And the seventh wave is big enough…
…to take us both out
beyond the point of return.
~ Papillon   (Henri Charrière)

Walking along the seashore, it’s obvious that not all waves possess the same strength.  Some trickle onto the shore while others crash and extend a farther reach onto the sand.  Many have wondered if there’s some kind of pattern to the frequency of the stronger waves.  

Wave height and strength are determined by a number of factors:

  • the force of the wind (the stronger the wind, the larger the wave)
  • the distance over which the water is affected by the wind (the longer the distance, the larger the wave)
  • tidal action (incoming high tides into a small inlet from a larger expanse of water can cause especially large waves)
  • seismic activity beneath the ocean floor (these can sometimes cause huge waves to occur)
  • the depth of the water (waves cannot sustain their height once they reach shallow water)

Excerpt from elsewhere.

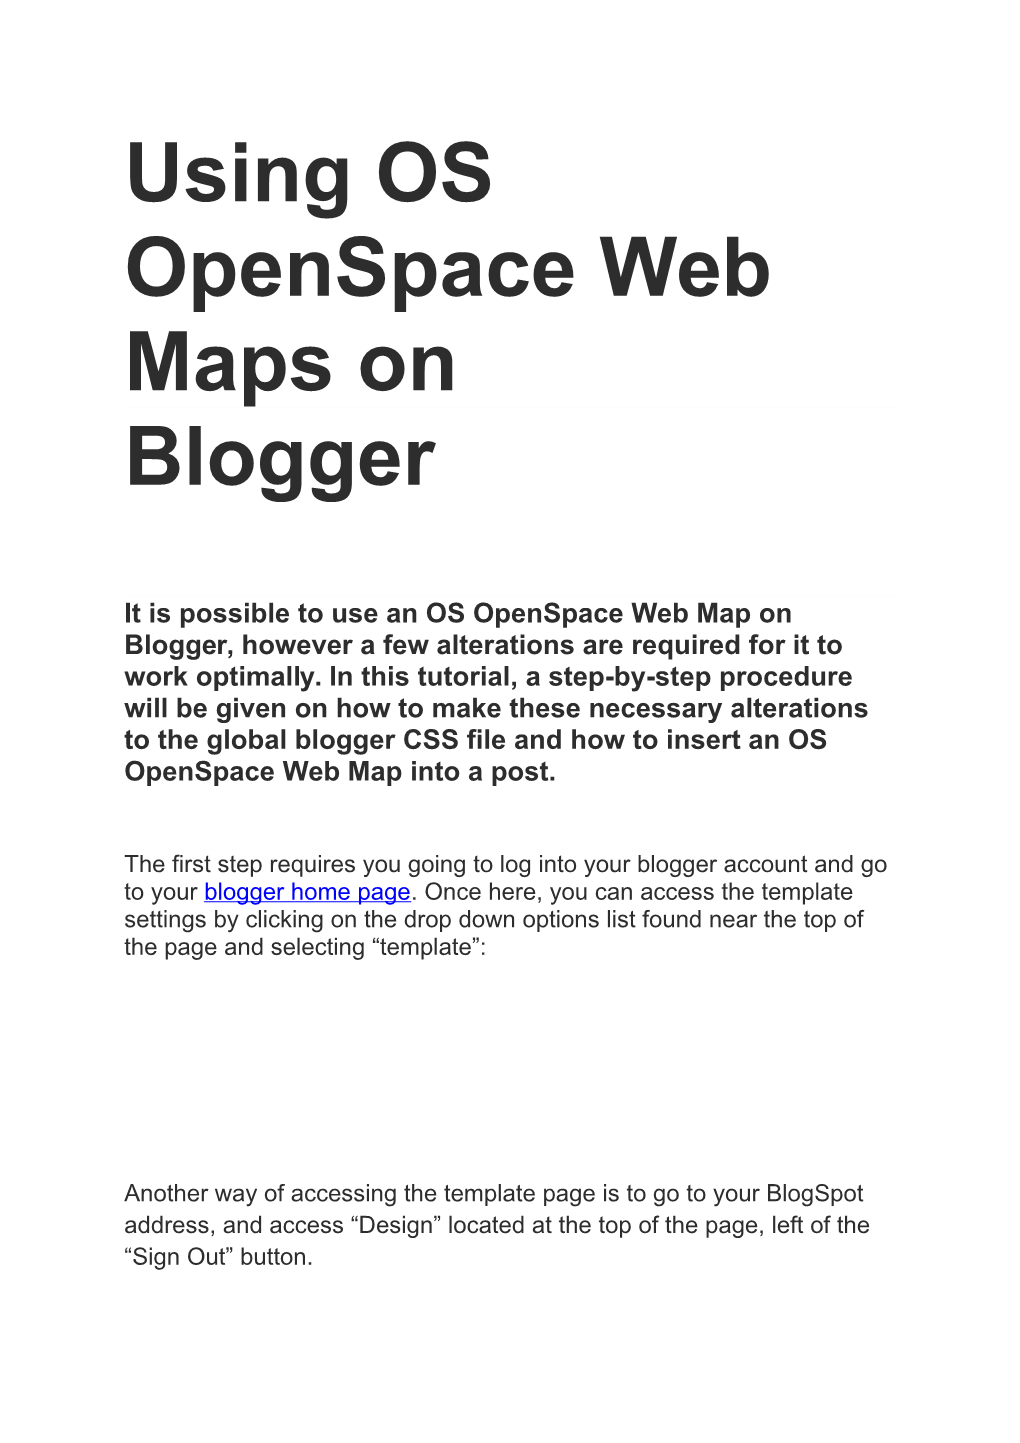 Using OS Openspace Web Maps On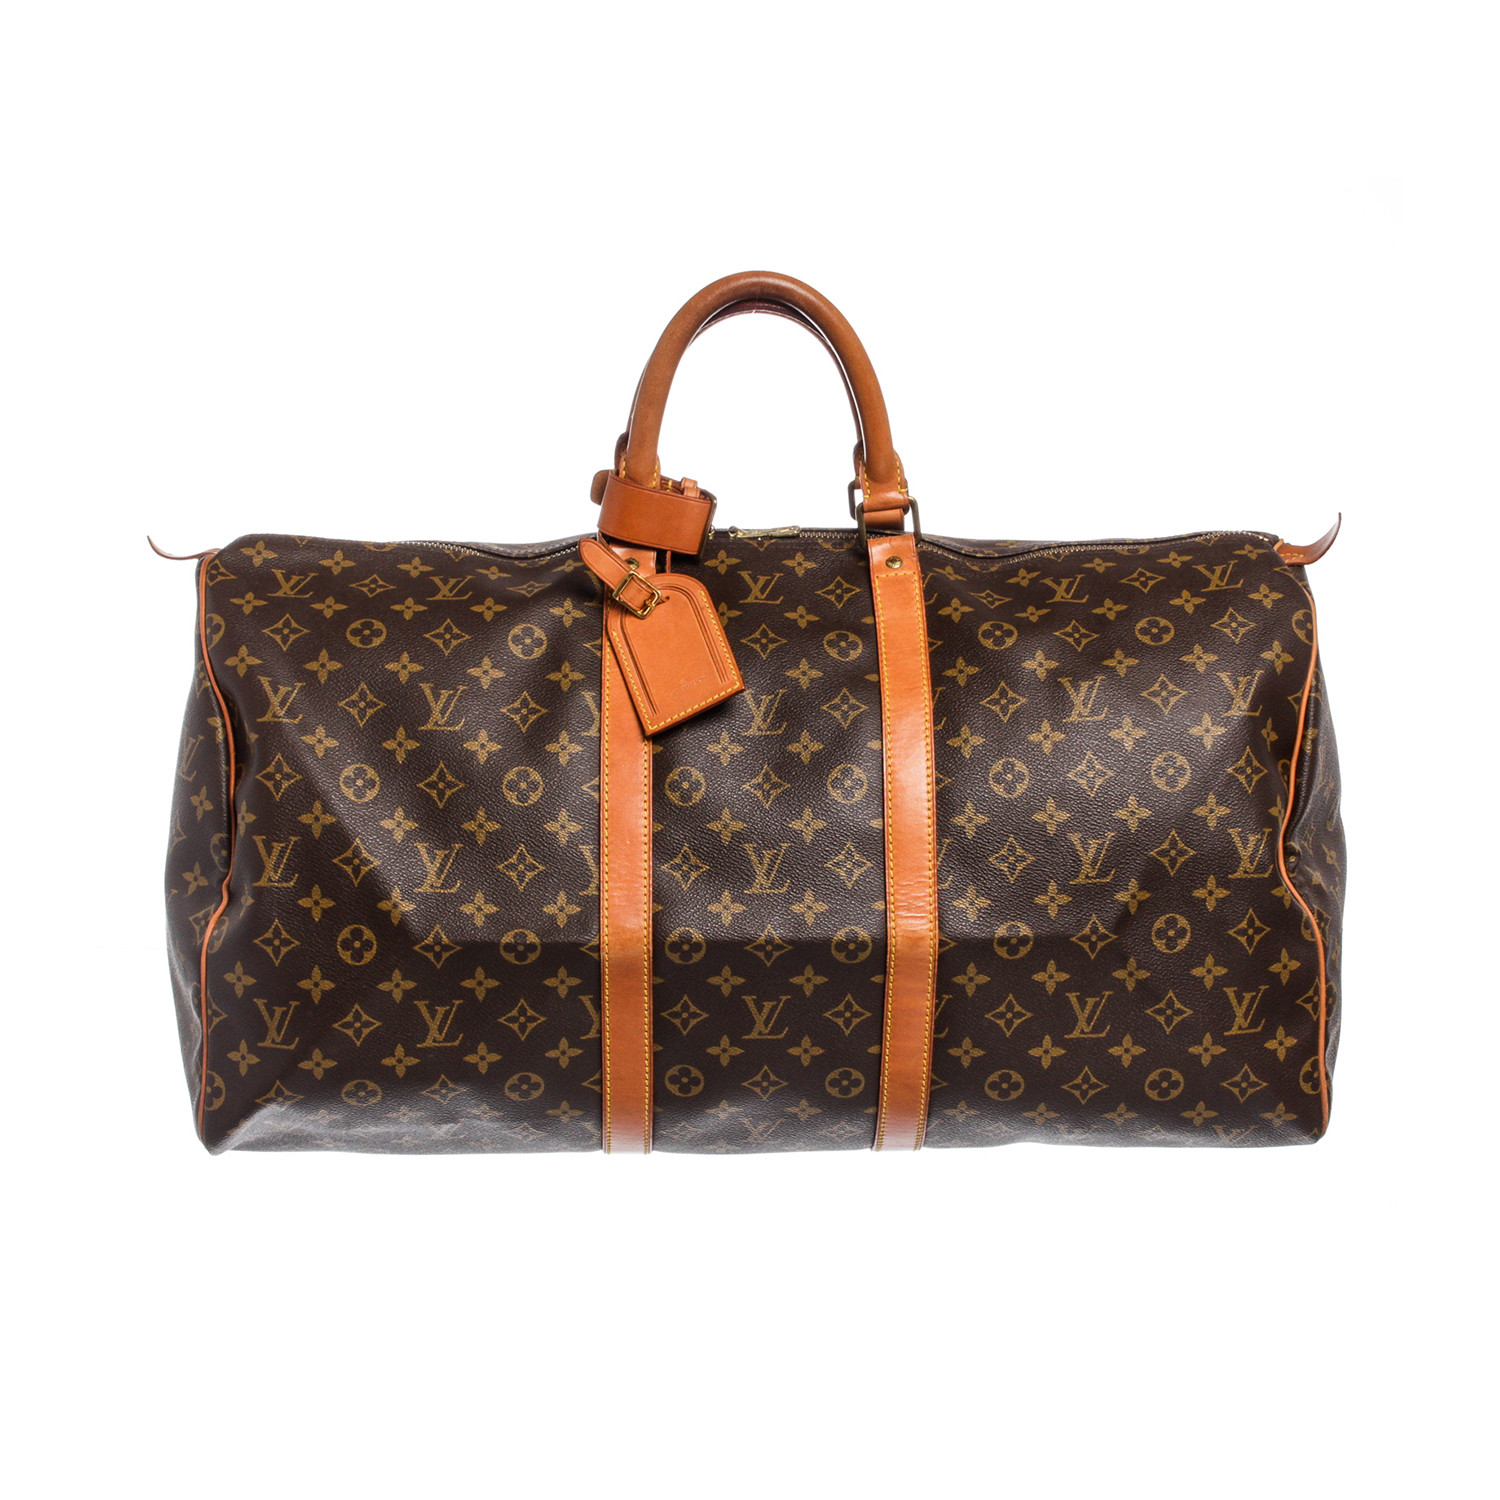 Louis Vuitton // Monogram Canvas Leather Keepall 55 cm Duffle Bag Luggage // MI0921 // Pre-Owned ...

The magic of the seventh wave continues to elude shoreline visitors across cultures.  Surfers are especially keen wave watchers, always on the look-out for the perfect wave to catch.  Some may have been able to find small patterns in the course of a single day on a specific beach but this usually involves a series of fewer or more than seven waves.  Though experts say there’s no way to predict the frequency of stronger waves, the French story of an island prisoner in Papillon details a swim to freedom enabled by the seventh wave.  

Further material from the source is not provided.